EL YEPIZ
Me acuerdo cuando al Yepiz le dieron un pelotazo en la cabeza y a los pocos días se murió. Acabábamos de entrar a la secundaria y, del grupo, él era hasta entonces mi mejor amigo.
Decían los conocedores que tenía un gran futuro en el béisbol. Pero se puso a jugar una cascarita en el CREA y le tocó la mala suerte de que le pichara uno más grande que él y le mando una fuerte bola con tan mal tino que le pegó en el puritito temporal.
A partir de ese momento rondó la muerte; su entrenador le dijo que se echara agua y se fuera a su casa a descansar. Así lo hizo, pero fue para siempre.
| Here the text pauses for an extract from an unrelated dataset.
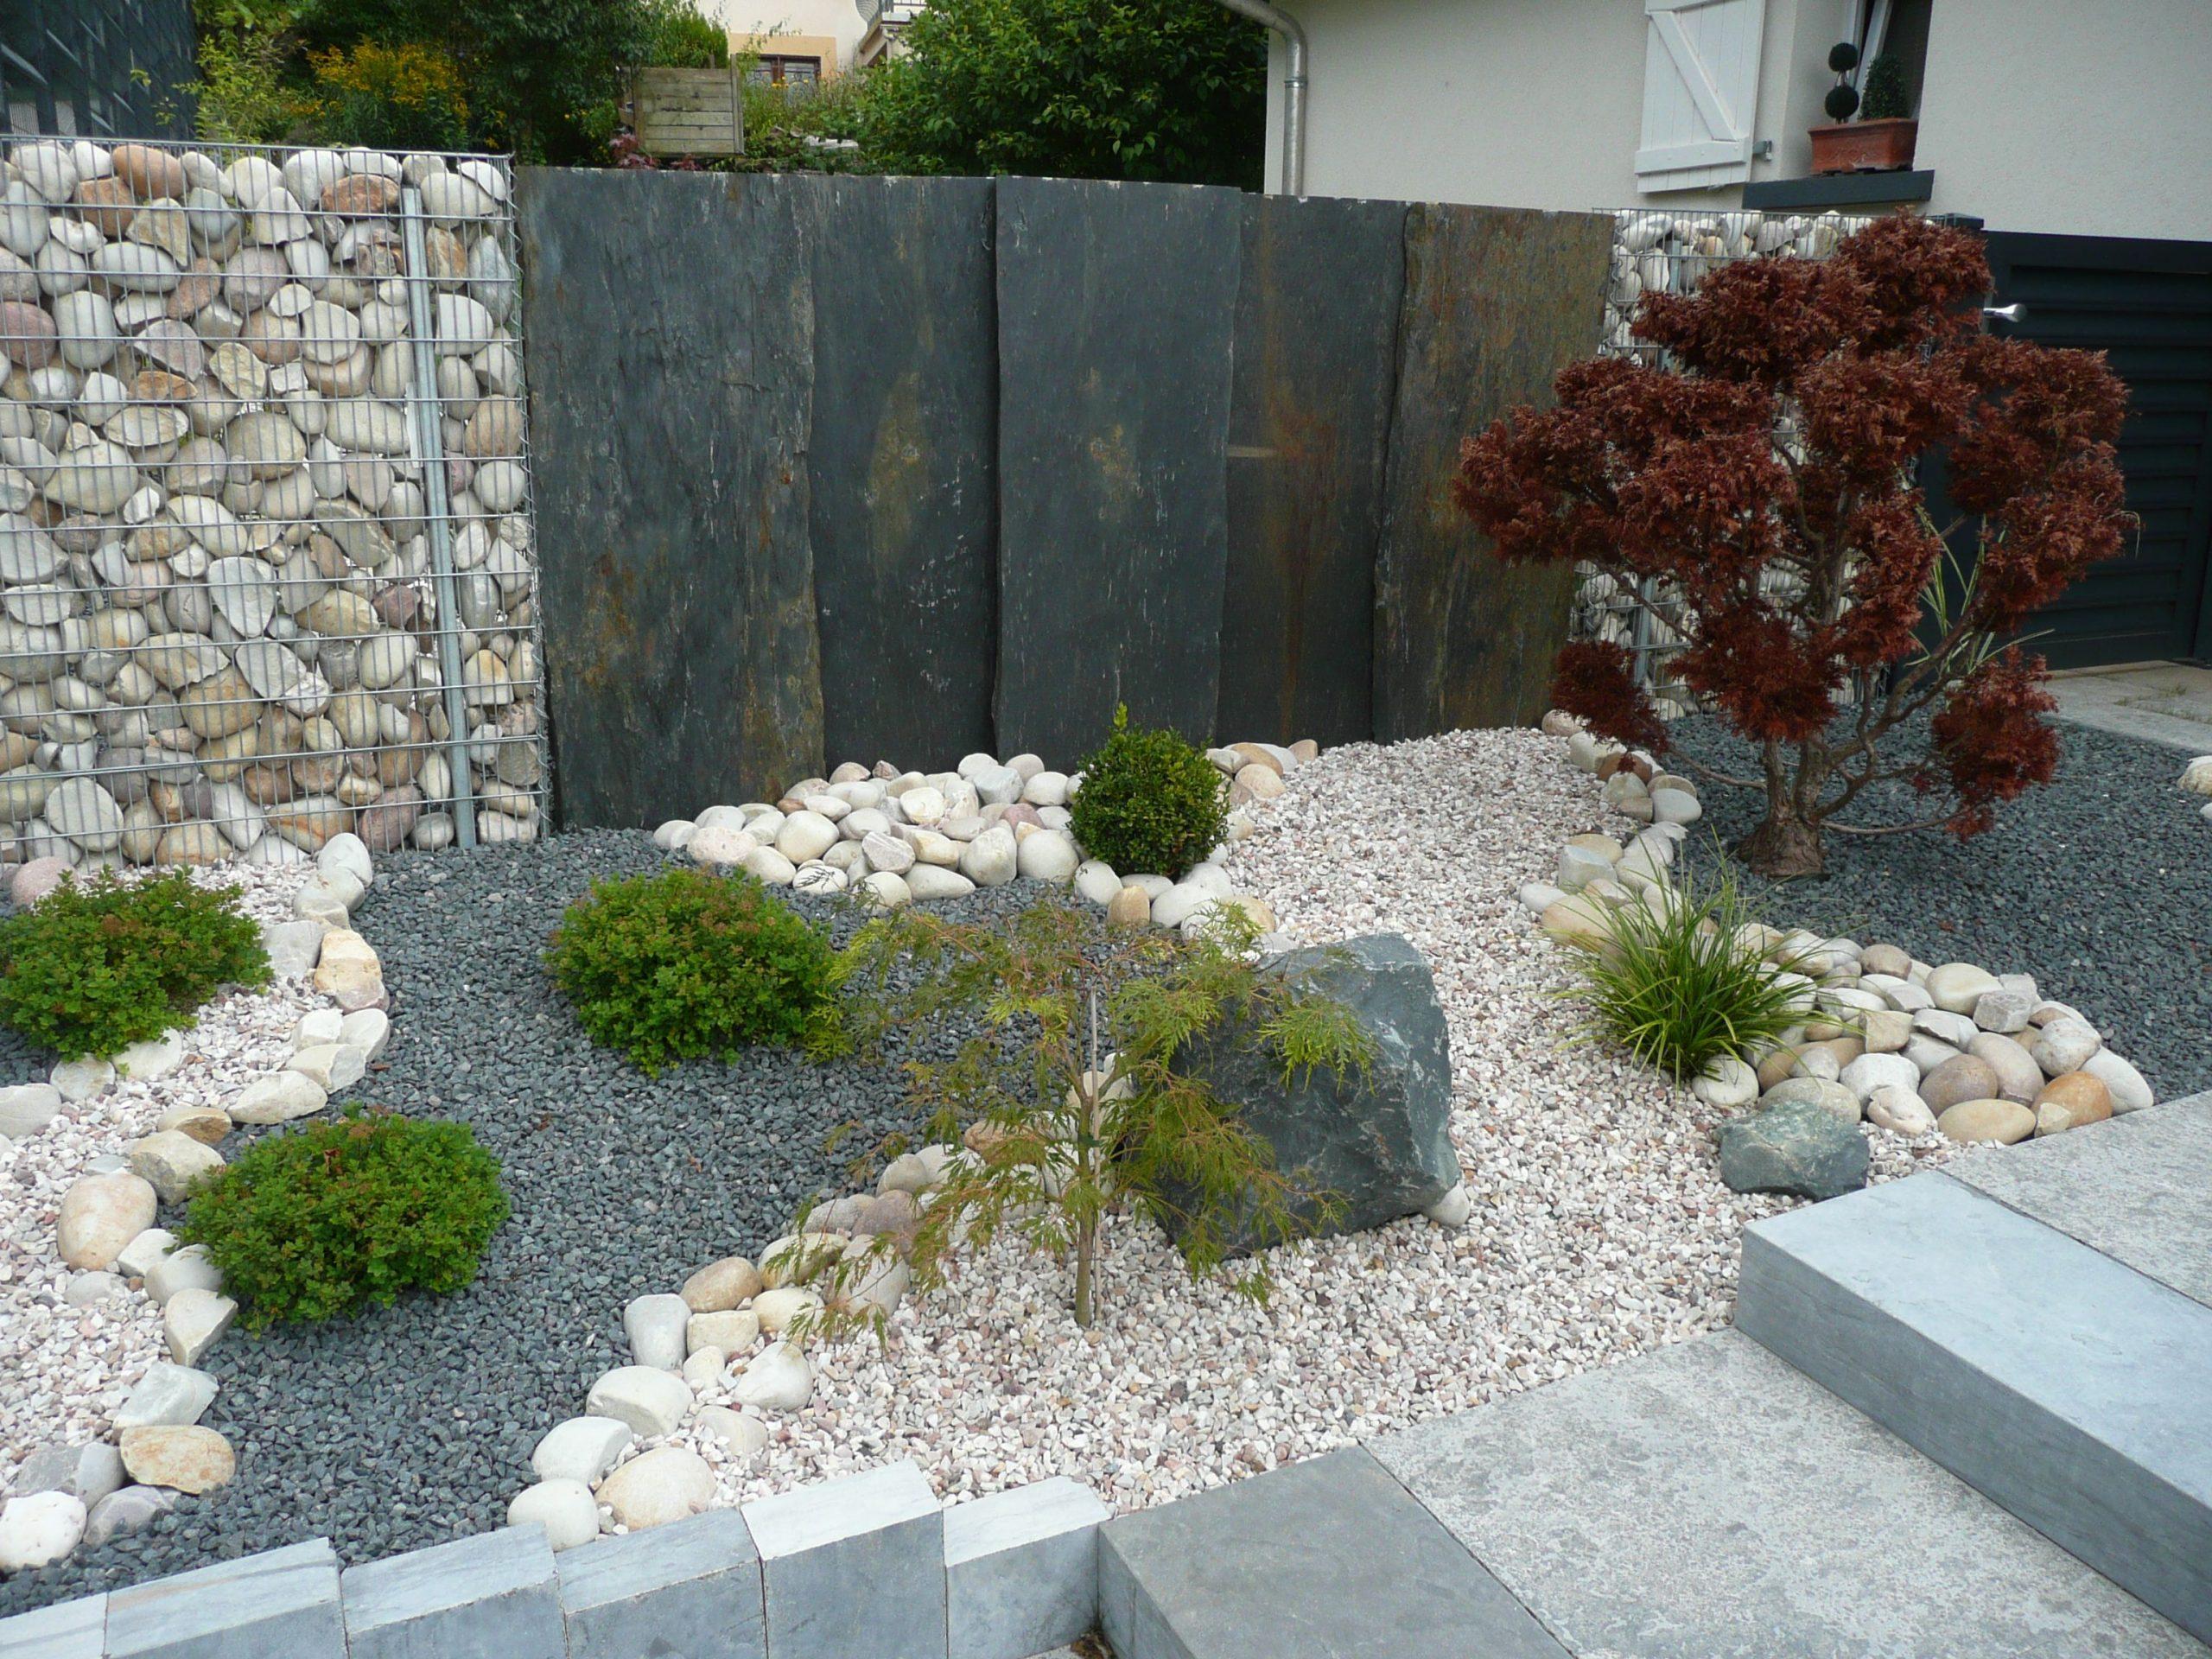 Jardin Minéral Et Végétal | Jardin Minéral | Aménagement ... concernant Caillou Pour Jardin

Le dio unas pastillas para el dolor, y se acostó a dormir; El Yepiz ya no despertó. Le descubrieron un coágulo en el cerebro y estuvo en coma como tres días hasta que lo declararon clínicamente muerto.
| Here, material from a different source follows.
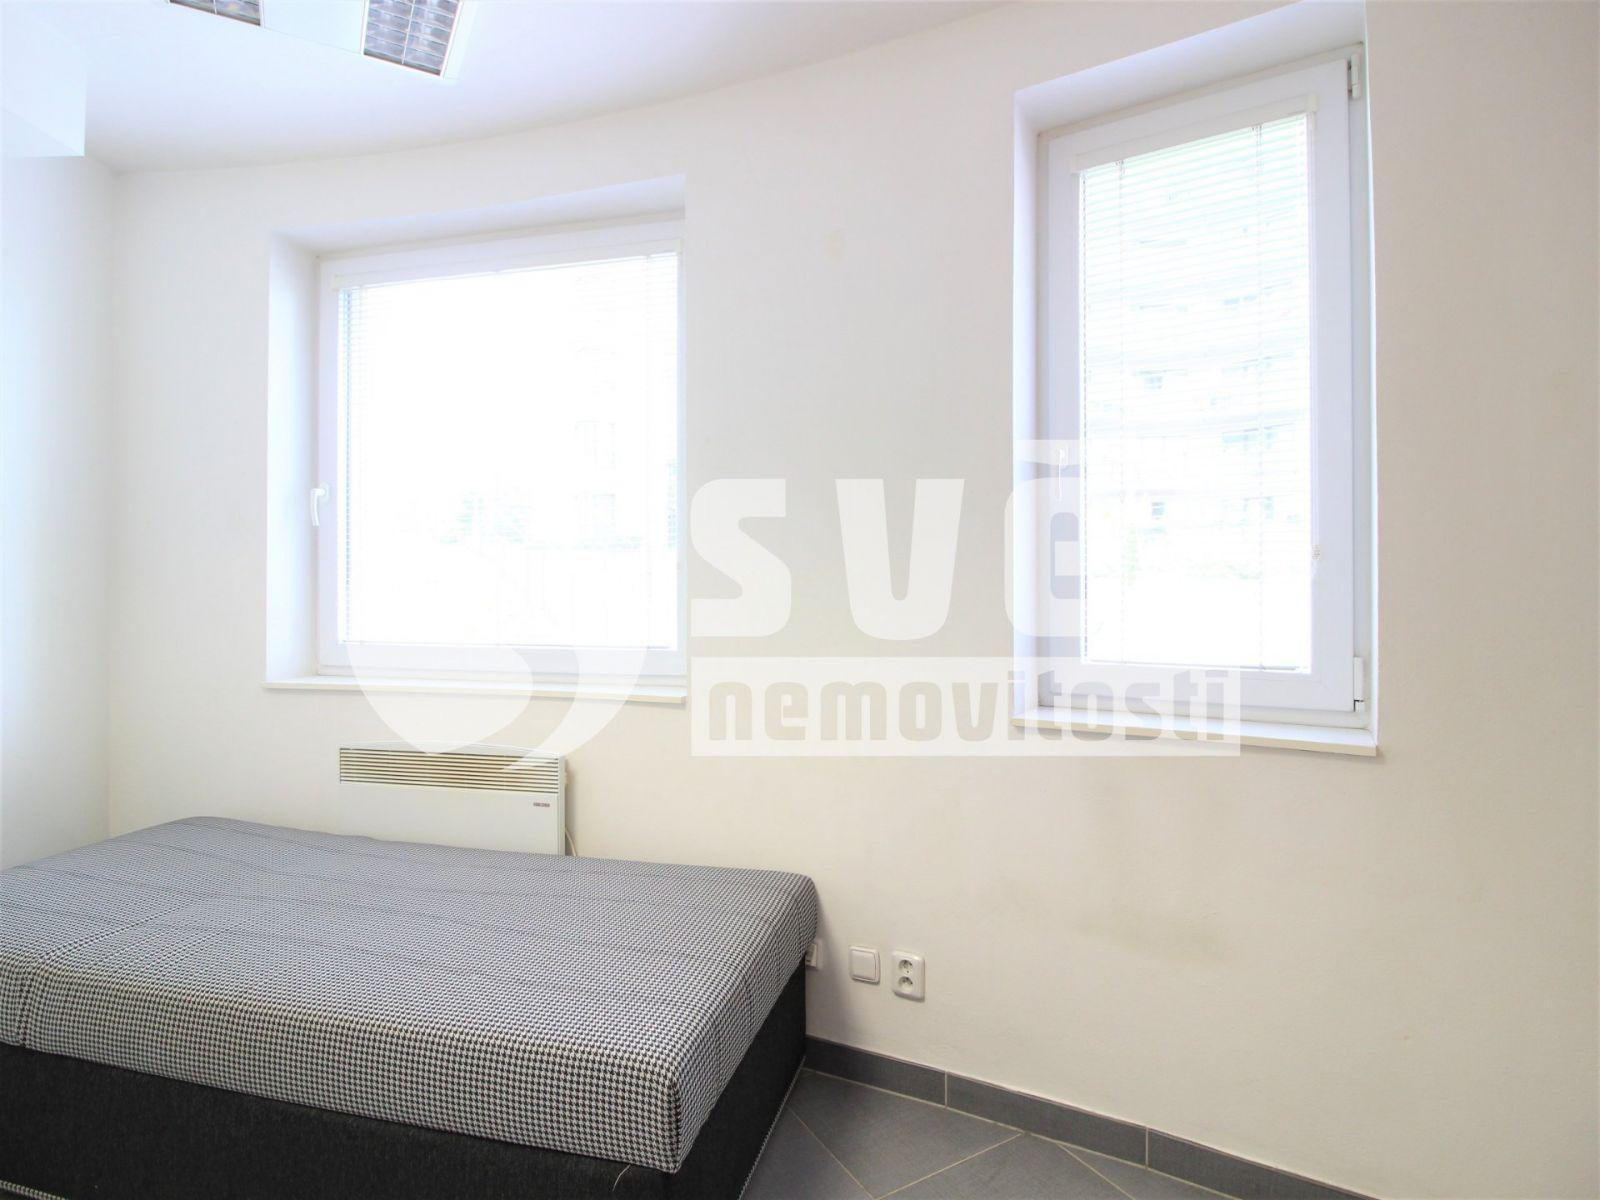 Prodej komerčního prostoru 13 m2

Alejandro Yepiz Ojeda, El Yepiz o “El Quino” tenía una piel de piñón y una voz de maldad adolescente. Su cara se arrugaba como si siempre lo anduviera encandilando el sol y su pelo lacio, le caía hasta el borde de su frente como casco.
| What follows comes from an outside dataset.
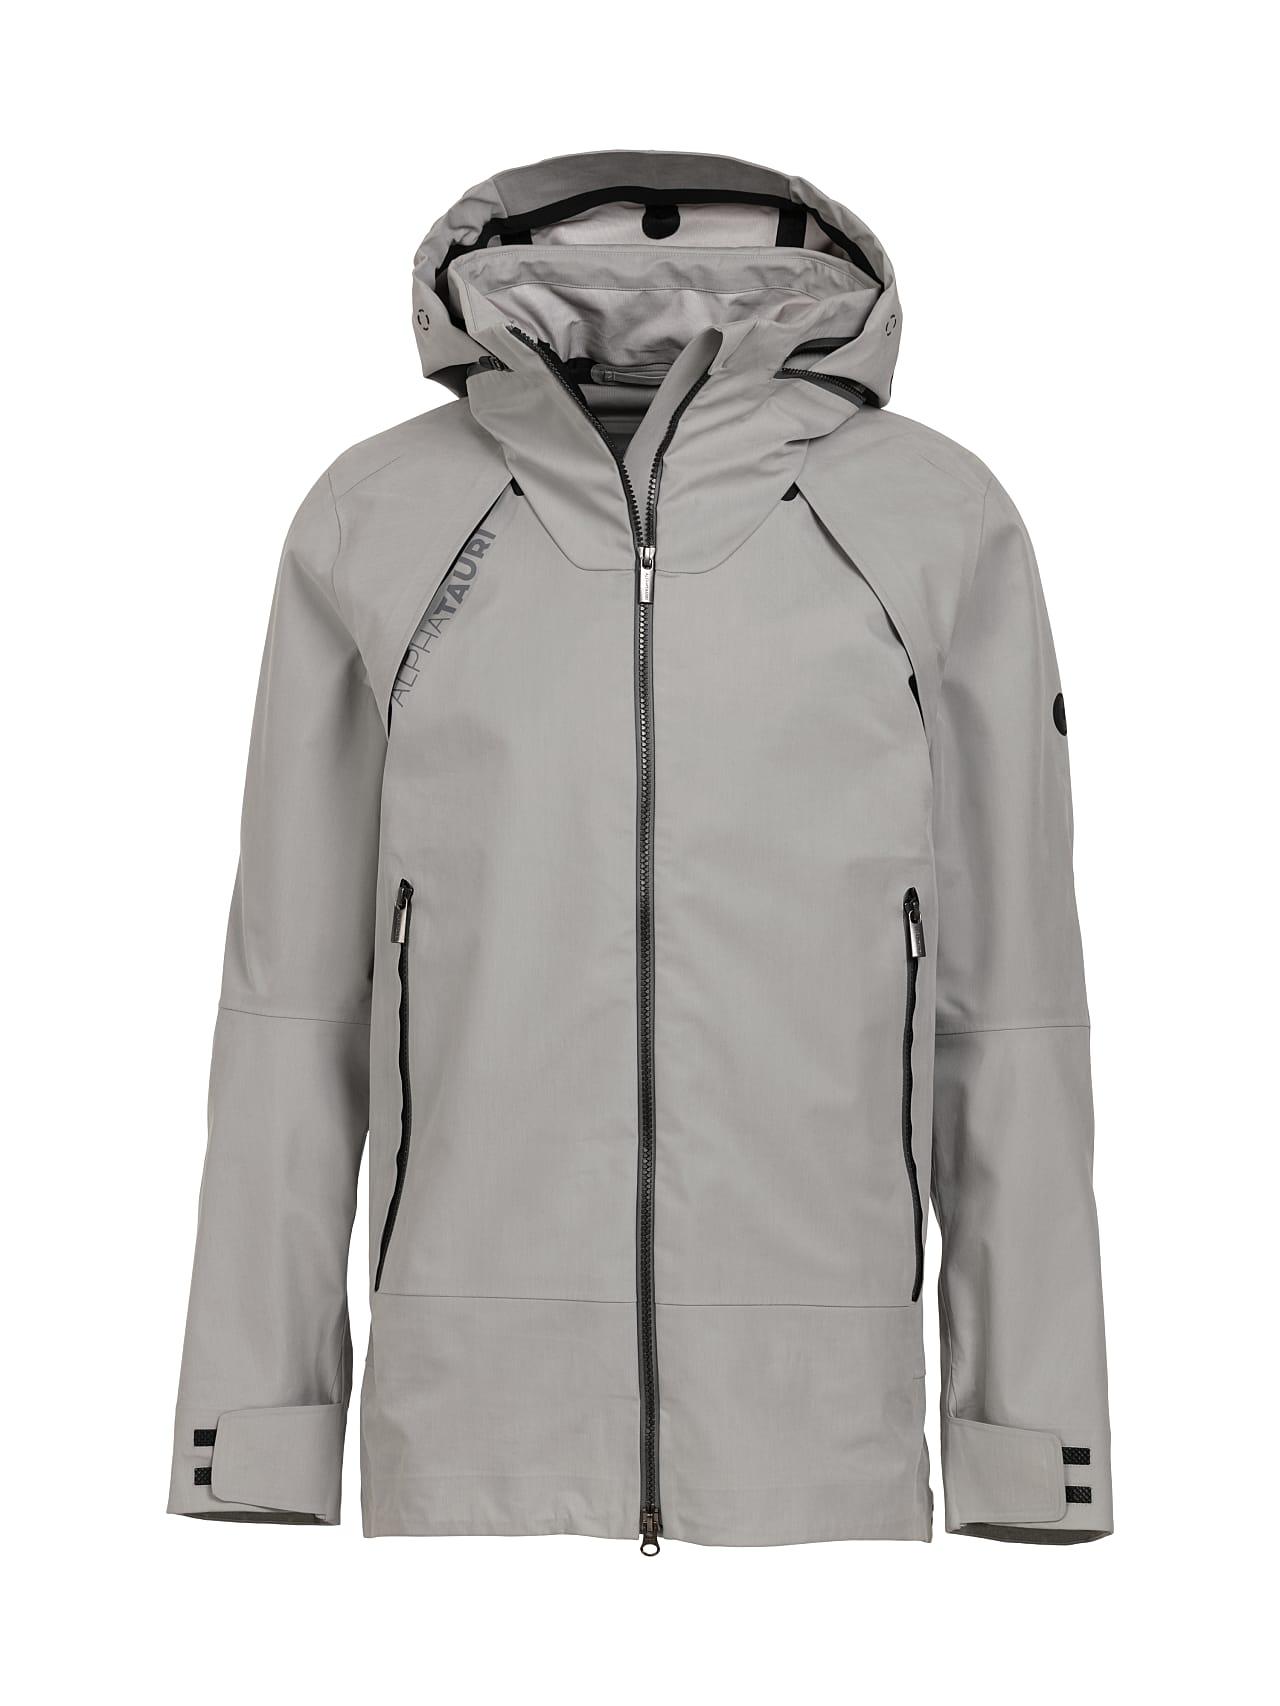 OSOOV V2.Y4.01 Technical 3-Layer Jacket with Taurex® light grey Back Alpha Tauri

El Yepiz sabía reírse y mucho. Lo supe cuando a los días de conocernos, nos bromeábamos, como si ya lo conociera desde antes. Vivía cerquita de la escuela, bien me acuerdo y él se echaba a andar a pie, como lo hacíamos casi todos hacia nuestras respectivas casas allá a principio de los años ochenta.
“Quehubo Mi mijija” decía, y yo le respondía lo mismo como provocando nuestra hombría y él apretaba los dientes como lo hacen los ventrílocuos cuando hablan. Afloraba una risita de malo y fintaba un golpe retándote a pelear.
Esa es la imagen difusa que tengo del Yepiz, como le decíamos entonces y como hasta la fecha lo seguimos nombramos. Vine a saber que le decían El Quino cuando recibió ese golpe y cuando en el periódico anunciaron su muerte.
Algunos hacemos cuentas y no nos salen: pudo estar sólo un año en el grupo, pudo quedar inconcluso, parece que fue casi al llegar las vacaciones, pero pareciera que hubiera sido mucho tiempo o que todavía anda por aquí.
De pronto fuimos enterándonos de lo que pasó: les decía que fue un pelotazo fuerte que le dio el pícher en la cabeza , con esas pelotas que le llamábamos “reglamentarias” y que son bien duras, aunque no tanto como la noticia de saber que el Yepiz se nos había ido.
A esa edad el dolor es invisible pero es grande, muy grande y uno lo deja adentro como en reposo para hacerle un guiño a la vida y seguir jugando pese a todo.
A esa edad uno sabe tan poco y toda palabra que va llegando la masticamos y la vamos poniendo en un montoncito de lenguaje por más rara que sea. Fue por esto que le pasó al Yepiz que escuché por primera vez la palabra coagulo.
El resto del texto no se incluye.